Characterization of the purpuric lesions may provide clues to etiology. The distribution of the lesions may suggest specific disease processes. Senile or actinic purpura occurs on sun-exposed areas, usually the forearms, of elderly patients. Vasculitic purpura is usually symmetric and predominates in the lower extremities (e.g., Henoch-Schönlein purpura) (Fig. 173.1). A more generalized distribution of discrete petechiae may be noted when purpura is associated with bacterial illness such as meningococcemia or subacute bacterial endocarditis. Purpuric lesions in thrombocytopenia tend to occur in areas of minor trauma or areas of pressure, such as the belt line or over bony prominences. The purpura of scurvy classically appears as perifollicular petechiae, whereas that of Rocky Mountain spotted fever begins over the distal joints and spreads centrally. The lesions of purpura fulminans are large, symmetric ecchymoses of the lower extremities and buttocks, often with infarcted areas or bullae.

FIGURE 173.1 Henoch-Schönlein purpura. (Courtesy of Dr. Sate Hazma, dermatopathology fellow, University of Birmingham, and Dr. Amy Theos, Assistant Professor, Department of Dermatology, University of Alabama at Birmingham.)

Lesions may be categorized into groups of likely diagnosis based on size, palpability, morphology, and the associated erythema (1,3). Nonpalpable purpuric lesions result primarily from a decrease in the number of functioning platelets or from mechanical insults to the vascular barrier. Nonpalpable purpuric lesions >1 cm may be caused by major trauma or minor trauma coupled with a procoagulant defect or poor dermal vessel support (1). Palpability results from edema, which most commonly results from inflammation, but also may be seen with microvascular occlusion and ischemia (1). Erythema is usually present with inflammation and absent with microvascular occlusion and ischemia.
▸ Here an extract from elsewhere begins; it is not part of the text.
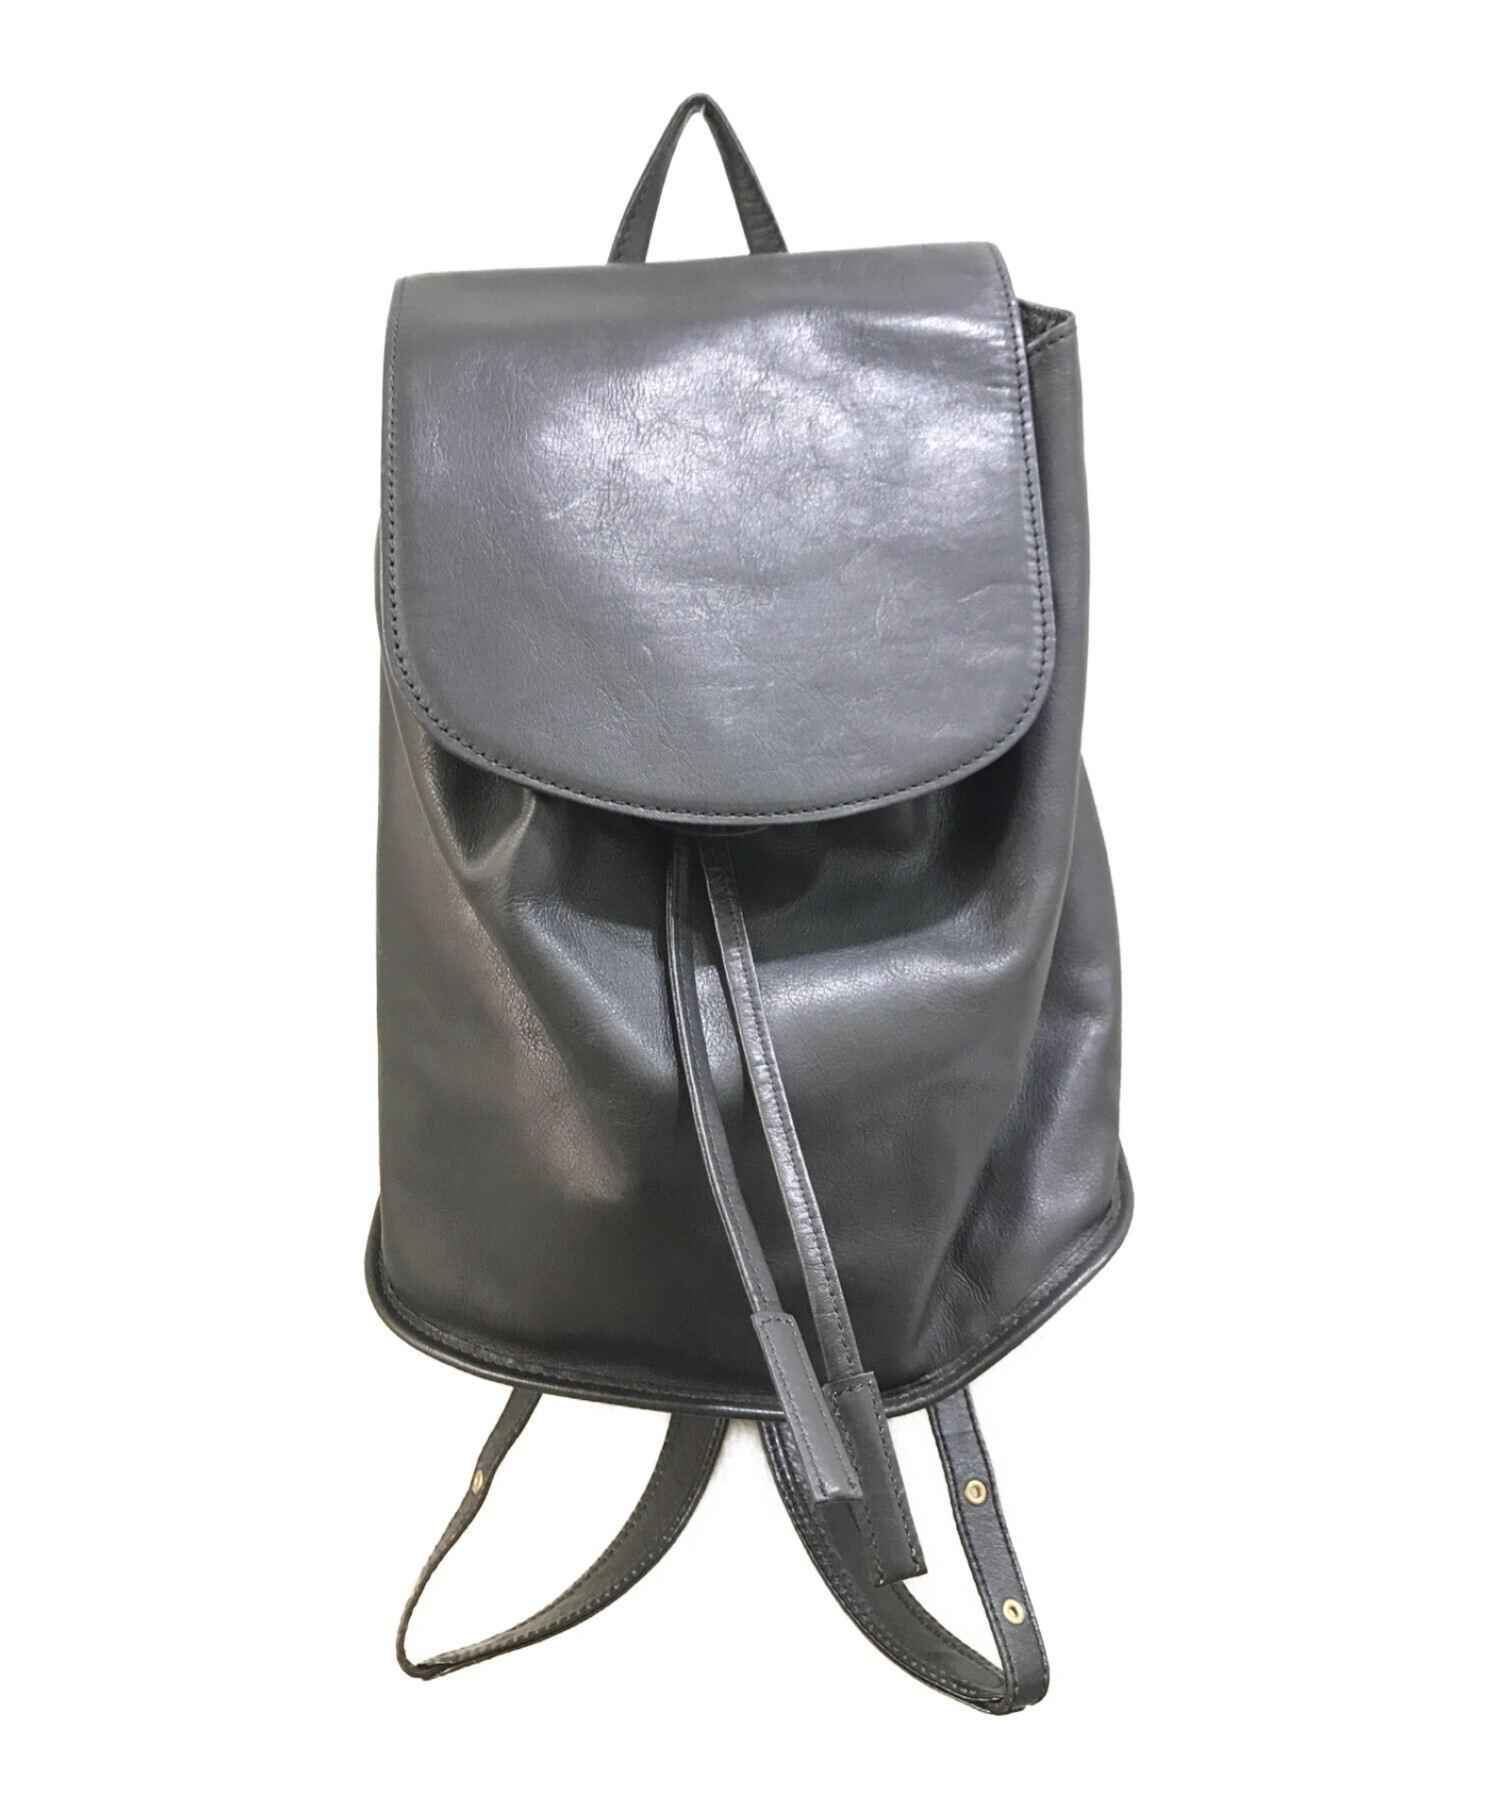 土屋鞄 (ツチヤカバン) プリソワ ミニリュック ブラック

When bacterial infections cause purpura, the lesions may have a central purulent papule (e.g., disseminated gonococcemia). Immune-mediated vasculitides often have lesions of erythema, bullae, or urticaria in association with palpable purpura. Coumadin-associated vasculopathy may result in necrotizing ecchymoses.

The physical examination may further reveal specific abnormalities in certain causes of purpura. In thrombocytopenia, the optic fundi and mucous membranes may show petechiae. Painful joint effusions may accompany various types of immune-mediated purpura, disseminated gonococcemia, and coagulation disorders. Lymphadenopathy or lesions characteristic of Kaposi sarcoma may be indicators of HIV seropositivity, which may present with purpura in up to 9% of cases (11). Lymphadenopathy may also be found in patients with lymphoma, infectious mononucleosis, and leukemia. Splenomegaly (as well as other forms of hypersplenism) may also be noted in these same illnesses but is absent in most other types of thrombocytopenic purpura (e.g., idiopathic thrombocytopenic purpura) and coagulation defects (1).

All but trivial causes of purpura (e.g., actinic, mechanical, factitial) require laboratory studies to elucidate the underlying cause. As thrombocytopenia is the most common cause of clinically significant purpura, a platelet count is a required component of initial testing. Easy bruising may be noted with platelet counts of 30,000 to 50,000/μL, whereas spontaneous ecchymoses or petechiae usually do not appear until the platelet count is less than 30,000/μL. Internal bleeding, including intracranial hemorrhage, rarely occurs with platelet counts >10,000/μL (12). For example, in a study of patients with thrombocytopenia secondary to immune thrombocytopenia (ITP), minimal bleeding after trauma was uncommon unless the platelet count was less than 60,000/μL, whereas self-limited bleeding, spontaneous bleeding requiring intervention (e.g., nasal packing for epistaxis), and severe life-threatening bleeding did not occur until platelet counts were <40,000, <12,000, and <6,000/μL, respectively (13).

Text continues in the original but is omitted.